Read Chasm City Page 54


  Sky turned on the long-range phased-array radar and—much like the Brazilia had done—extended a hand gropingly into the darkness.

  If it was out there, he would find it.

  “Can’t you just leave him alone?” Zebra said.

  “No. Even if I was ready to forgive him—which I’m not—I still have to know why he taunted me the way he did; what he was hoping to get out of it.”

  We were in Zebra’s apartment. It was late morning; the cloud cover over the city was sparse, the sun was high and the place looked melancholy rather than Satanic; even the more warped buildings assumed a certain dignity, like patients who’d learned to live with gross deformity.

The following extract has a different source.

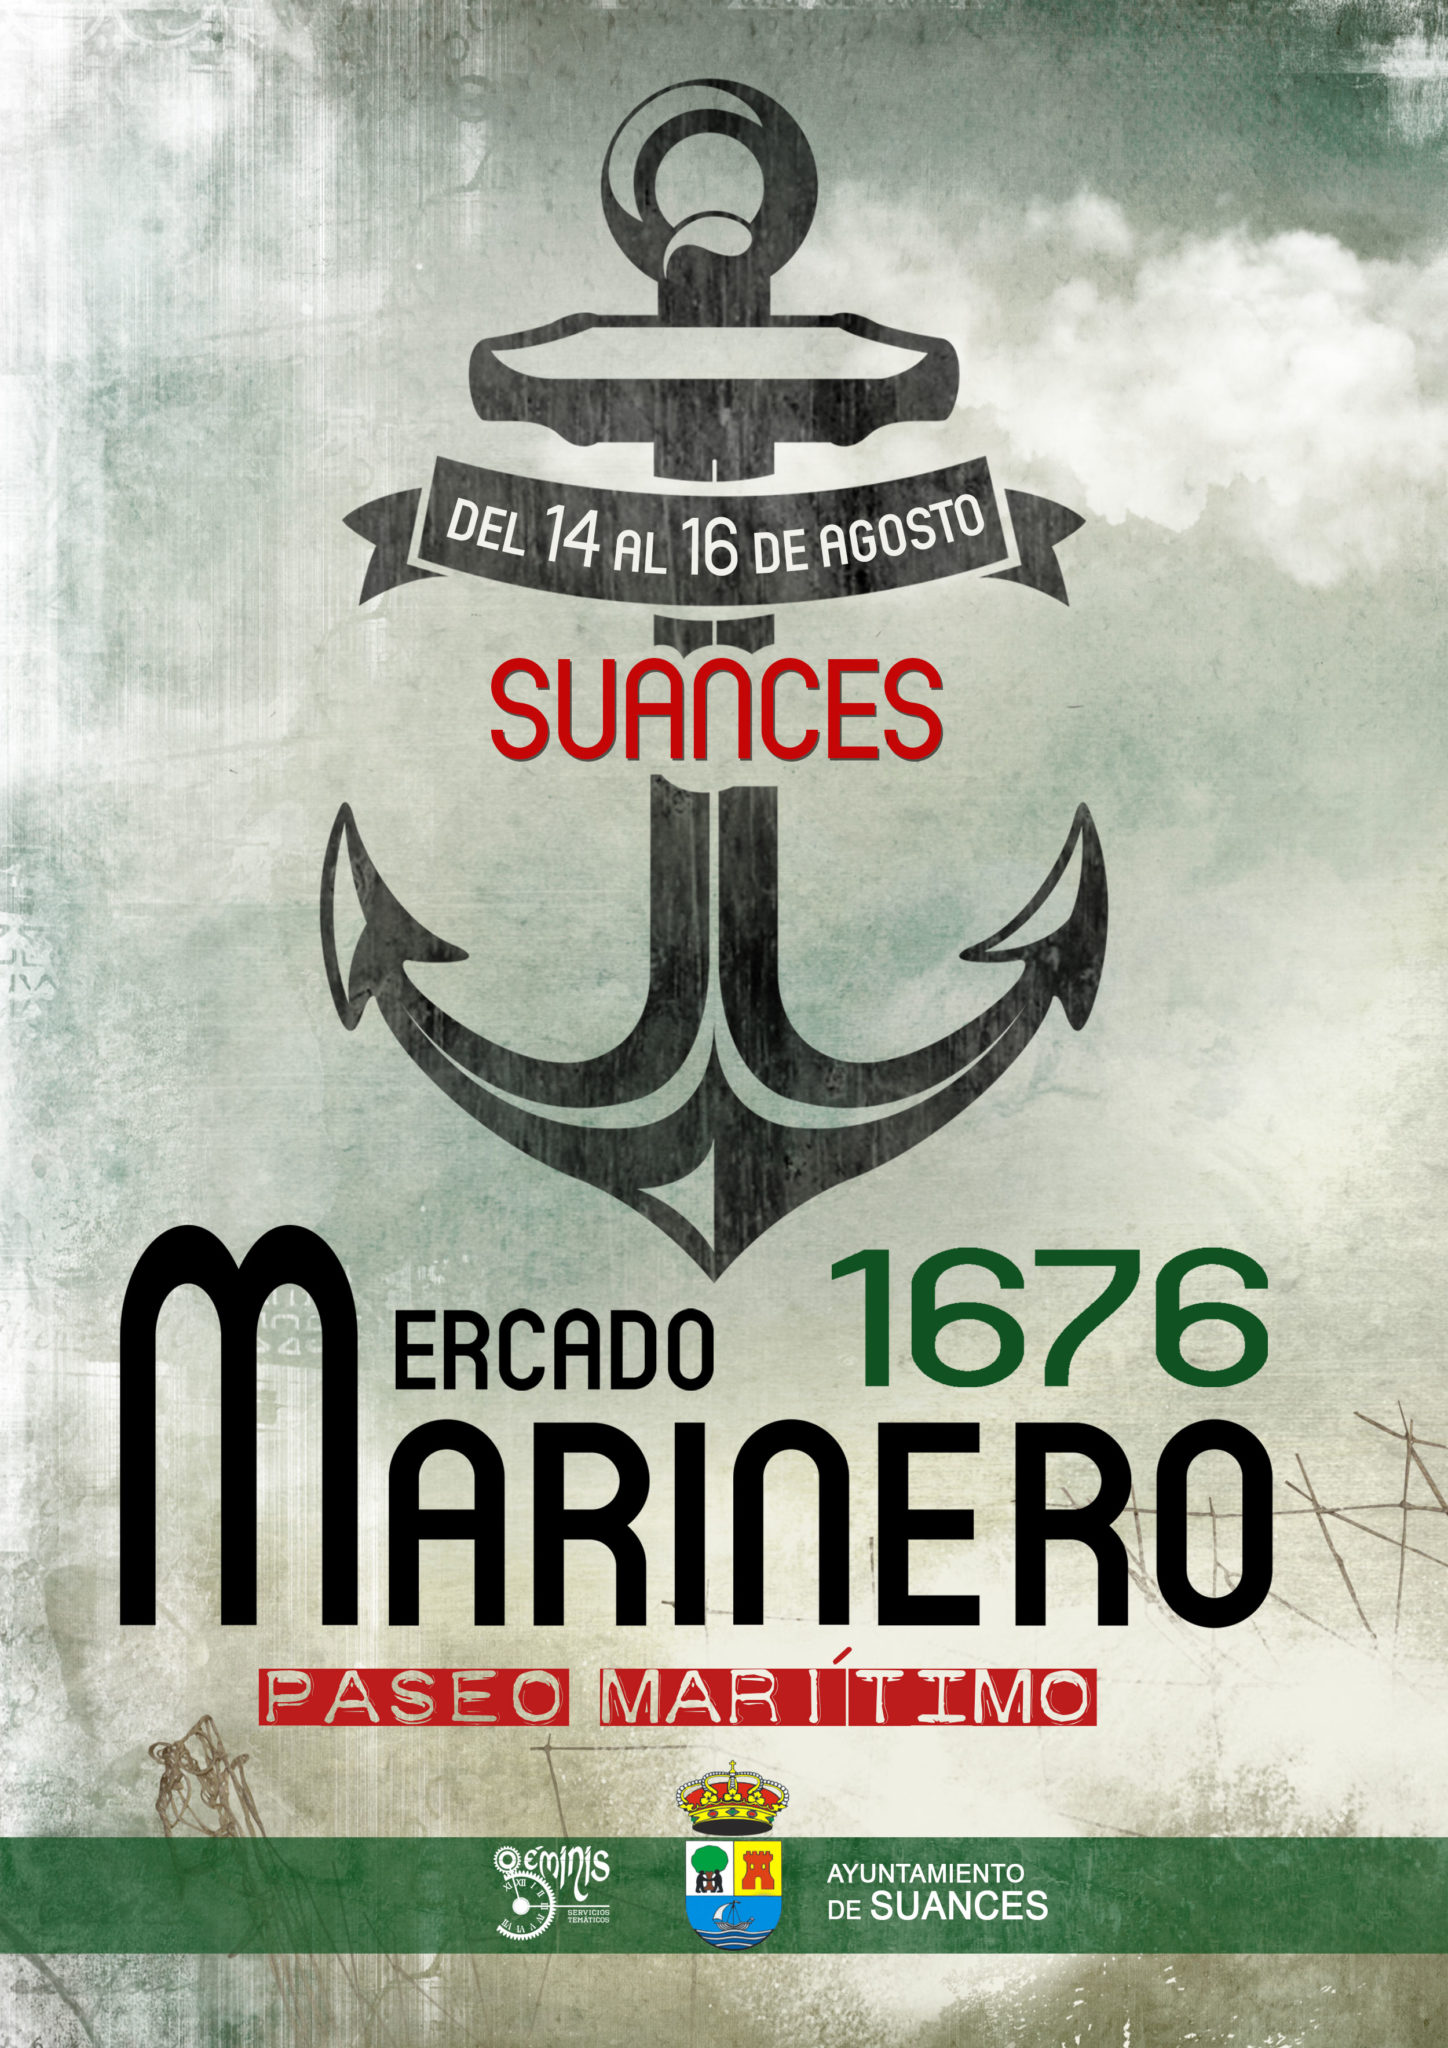 Programacion del mercado marinero de Suances, Cantabria 14 al 16 de Agosto del 2015
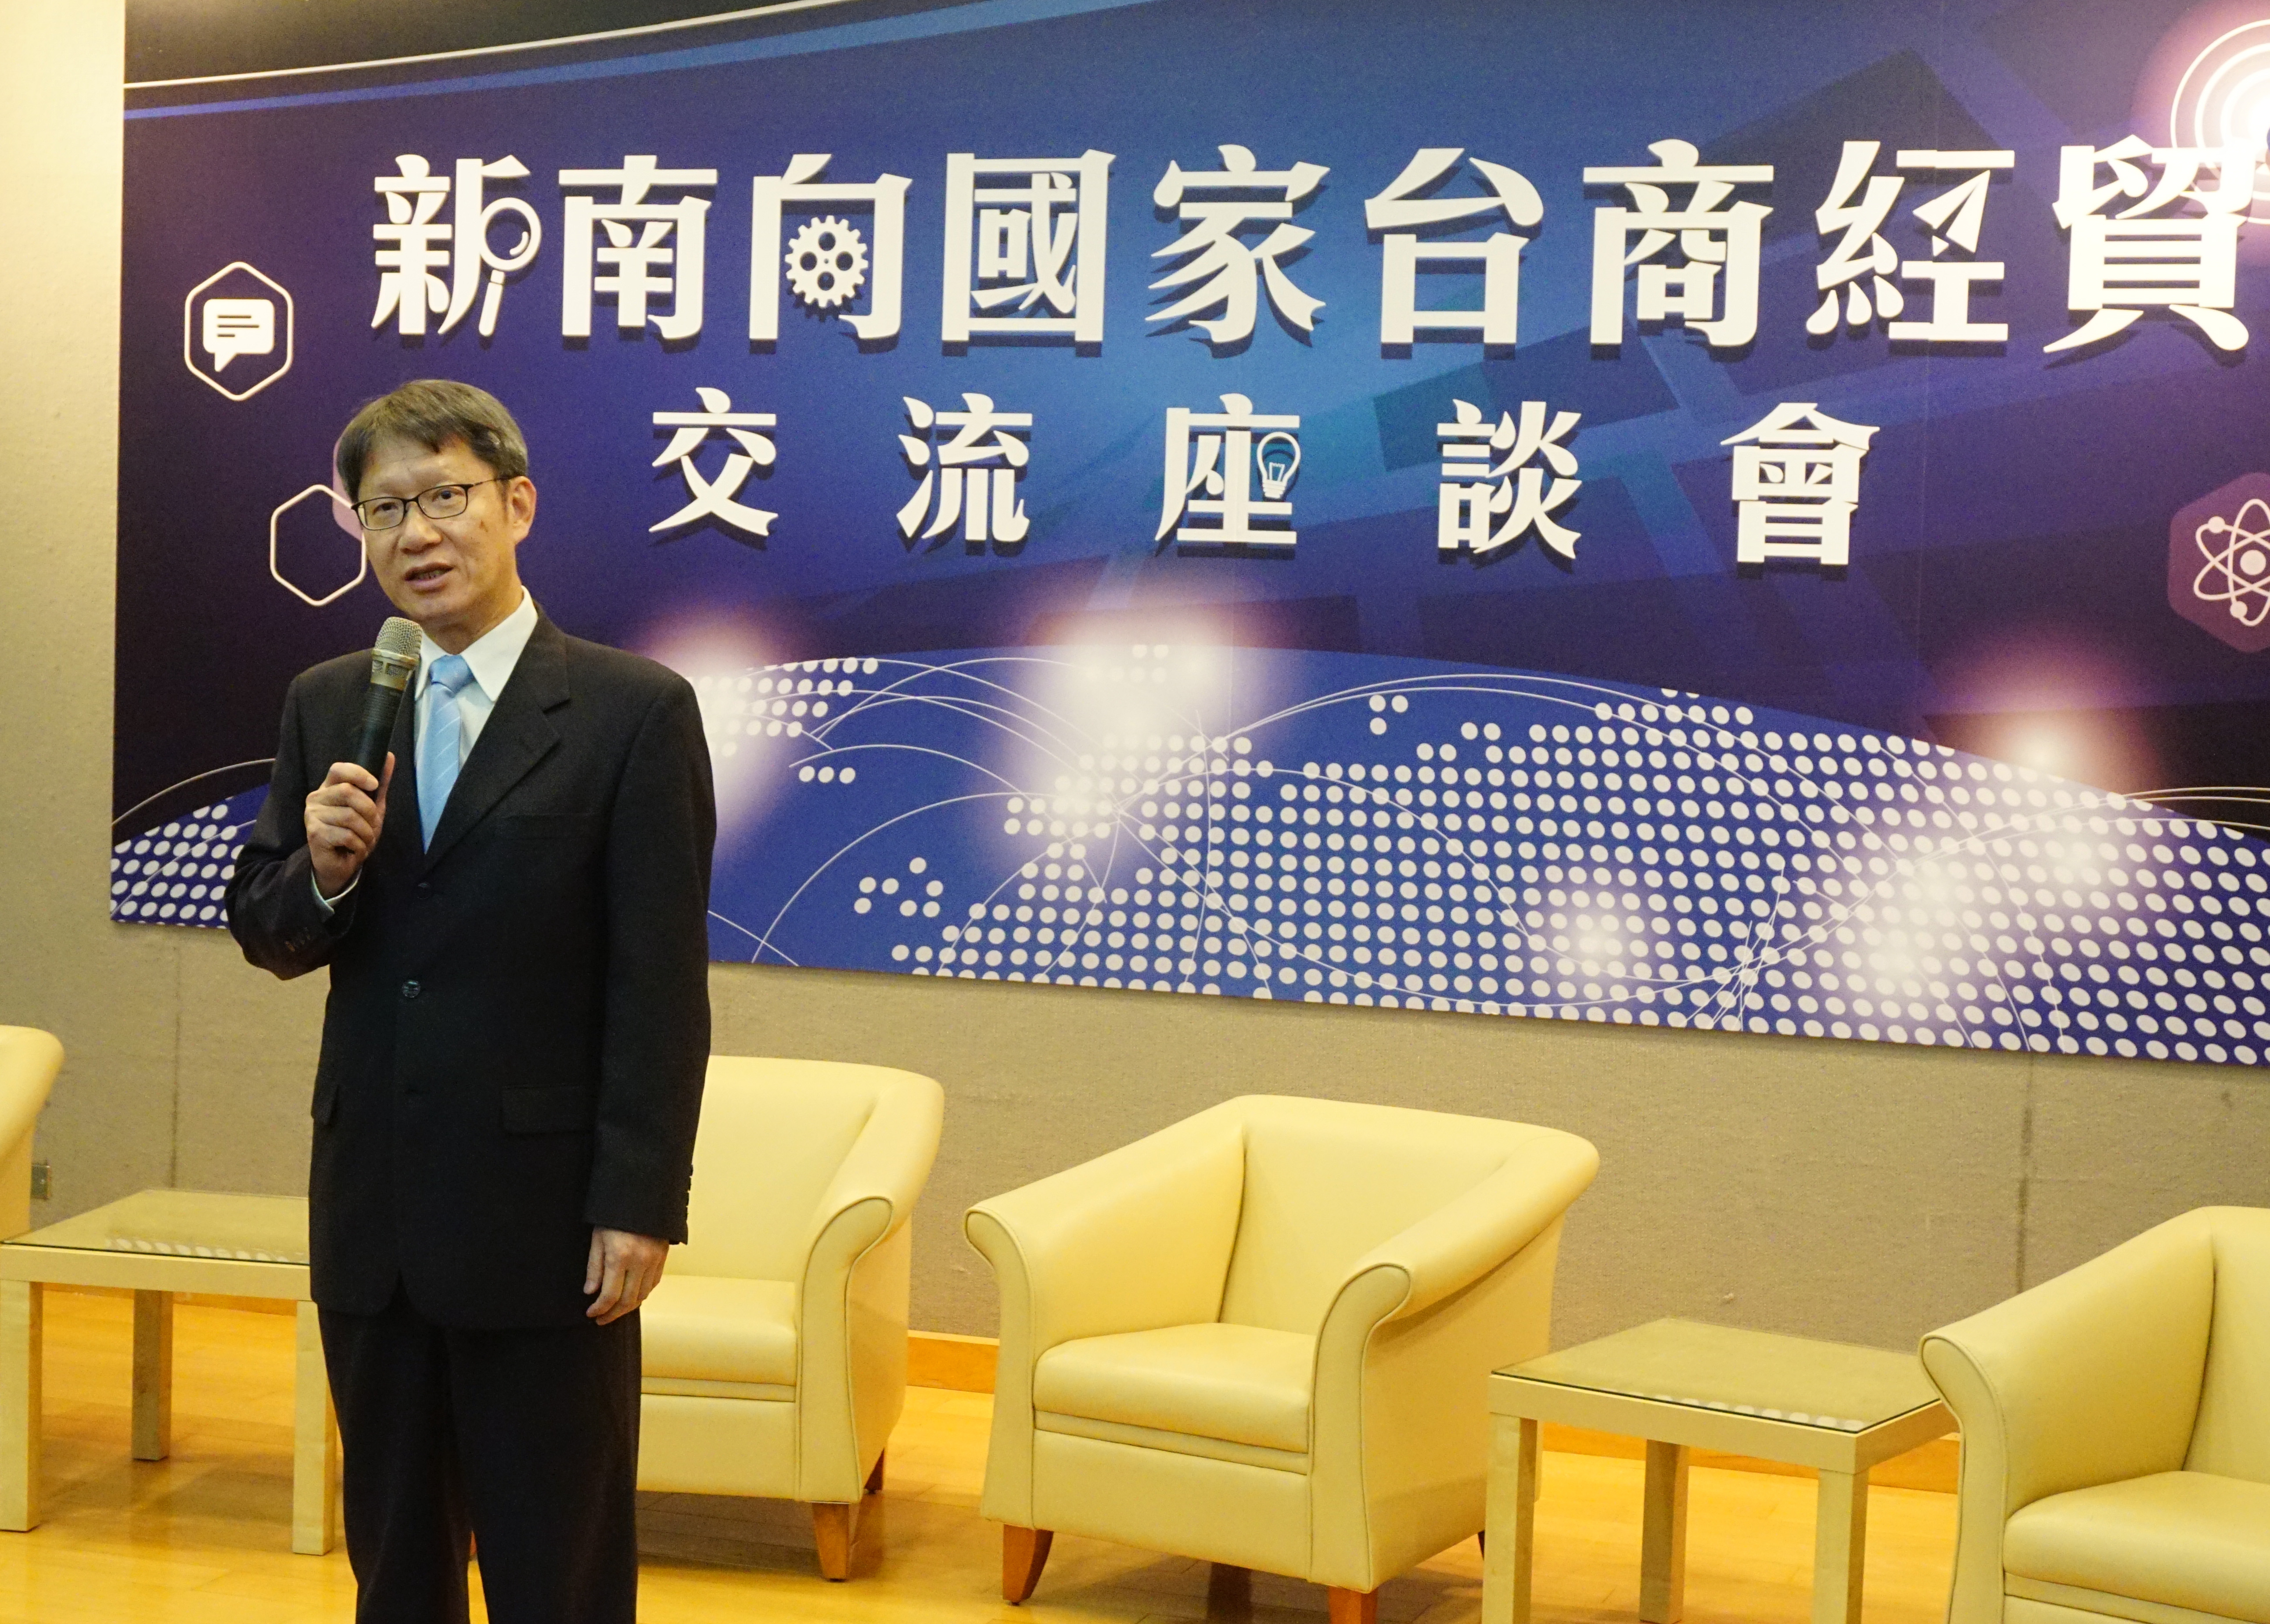 新北市副市長葉惠青出席新南向國家台商經貿交流座談會並致詞

  Which did nothing to make me feel any less disturbed; convinced more than ever that there was something fundamentally wrong with my memories. The Haussmann episodes hadn’t stopped, yet the bleeding from my hand had become much less severe than it had been at the start of the infection cycle. It was almost as if the indoctrinal virus had catalysed the unlocking of memories which were already present; memories at stark odds with the official version of events on the Santiago. The virus might have been close to burning itself out, but the other Haussmann memories were coming on more strongly than ever, my association with Sky becoming more complete. Originally it had been like watching a play; now it was like playing him; hearing his thoughts; feeling the acrid taste of his hatred.

  But that wasn’t all of it. The dream I’d had the afternoon before, of looking down on the injured man in the white enclosure, had troubled me more than I could easily explain at the time, but now, having had time to think about it, I thought I knew why.

  The injured man could only have been me.

  And yet my viewpoint had been that of Cahuella, looking down into the hamadryad pit at the Reptile House. I could have put that down to tiredness, but it hadn’t been the only time I’d seen the world through his eyes. In the last few days there’d been odd snatches of memory and dream where I’d been more intimate with Gitta than I thought had ever been the case; instants when I felt I could bring to mind every hidden curve and pore of her body; instants when I imagined tracing my hand across the hollow of her back or the swell of her buttocks; instants when I thought I knew the taste of her. But there was something else about Gitta, too—something my thoughts couldn’t or wouldn’t home in on; something too painful.

  All I knew was that it had something to do with the way she’d died. “Listen,” Zebra said, refilling my coffee cup, “could it just be that Reivich has a death wish?”

  I tried to focus on the here and now. “I could have satisfied that for him on Sky’s Edge.”

  “Well, a specific type of death wish, then. Something that has to be satisfied here.”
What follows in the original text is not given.